Она молчала, даже не смотрела на него.
– Ты, может, думаешь, у Бога там счеты, да? Часы? – он повысил голос. – Думаешь, Бог считает, сколько дней прошло, и живет по земному календарю? Что Ему твои раз в год, Ему, у которого тысяча лет как один день?
Она сидела в кресле напротив, уже одетая, чуть отвернувшись, глядя в окно, за которым серебрилось зимнее московское небо, на удивление солнечное, и по-прежнему не отвечала, точно не слыша. Когда он закончил говорить, она вновь повернула голову и продолжила как ни в чем не бывало… Интересно, она и с детьми своими так же? Так же их воспитывает? Именно в эту минуту Алеша подумал, что совершенно не знает ее, что до сих пор смотрелся в зеркало.
Правило второе – звонить будет она. Звонить со своего, хорошо известного ему номера, но отныне номер этот будет использоваться тот самый единственный раз в году – в остальное время сим-карта уляжется в потайном месте, чтобы ждать своего показательного выступления целый год. Да, она потеряет этот телефон, тот, что у нее сейчас, чтобы купить новый, новый телефон и новую симку, а старую спрячет до следующего года…

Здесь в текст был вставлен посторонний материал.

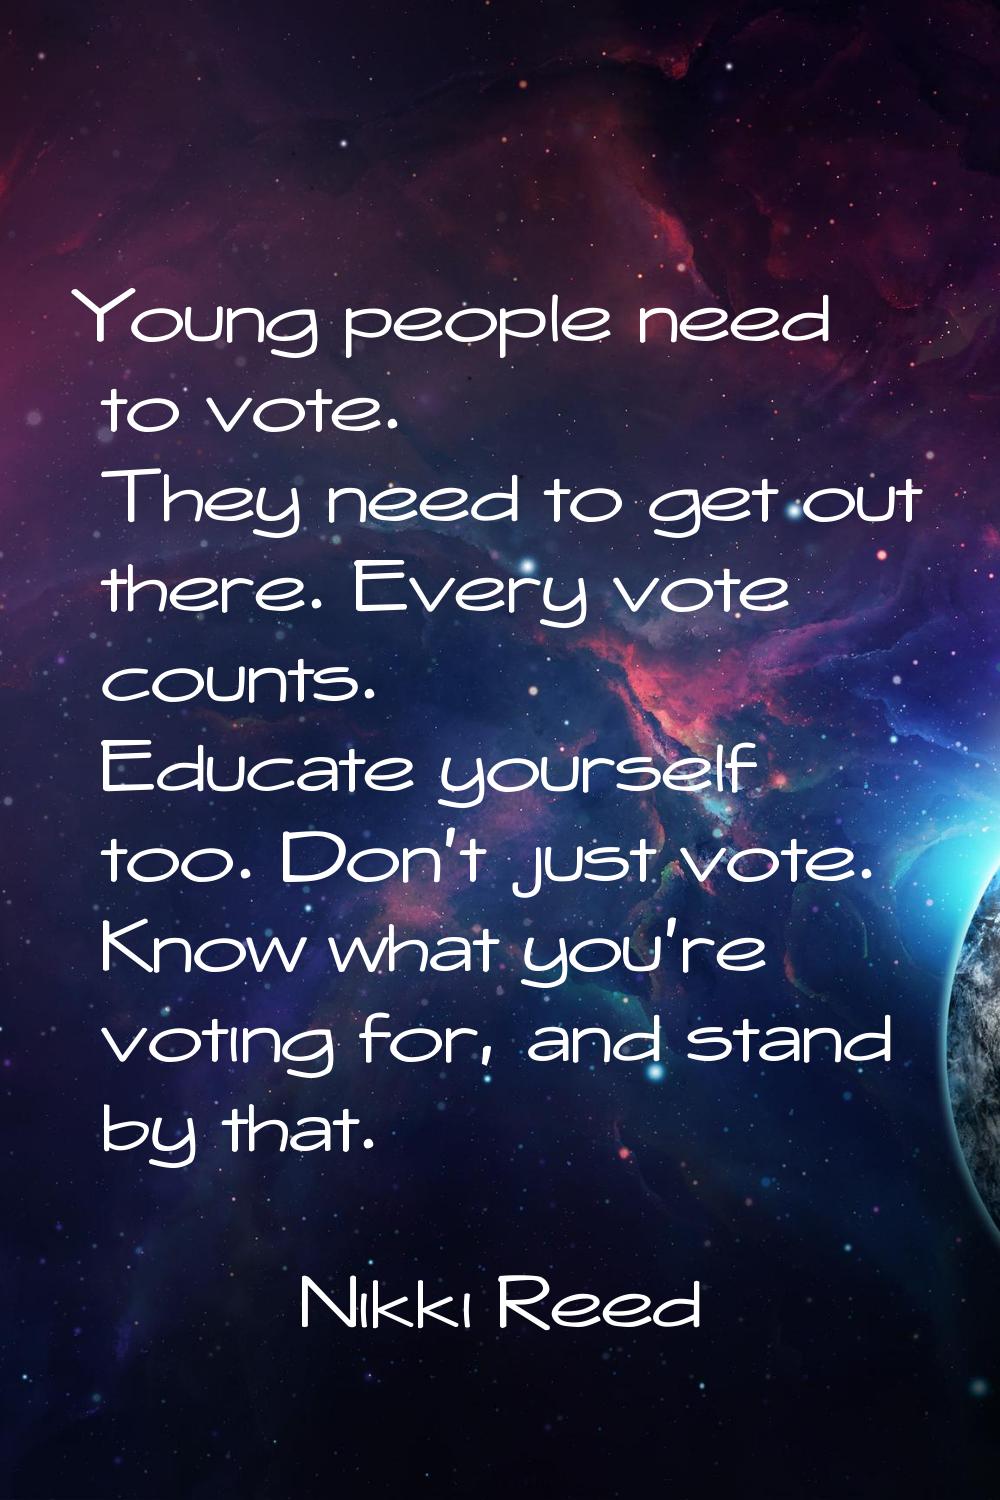 Young people need to vote. They need to get out there. Every vote counts. Educate yourself too. Don

Ему уже не хотелось шутить, иронизировать. Пусть объяснения эти смехотворны, сама подробность их вывела его из себя. Как она все хорошо продумала! Даже про сим-карту – это чтобы он, не дай бог, не сорвался, не позвонил! Дура! Он и без всех этих хитростей не позвонит. Никогда. Завтра же найдет себе понормальней.
Он ходил по тесному номеру, уже не сдерживая гнев, – половицы отчаянно скрипели, когда здесь в конце-то концов последний раз делали ремонт?! Наконец он остановился, скрип послушно замер.
– Раз в год – это все равно что ни разу. Это значит никогда. Я понял. Разбегаемся. Прощай.
Он хотел добавить что-то еще и колебался, но она уже кивнула, встала. Понимаю. И все-таки я тебе позвоню. Сказала, уже не оборачиваясь, мимо.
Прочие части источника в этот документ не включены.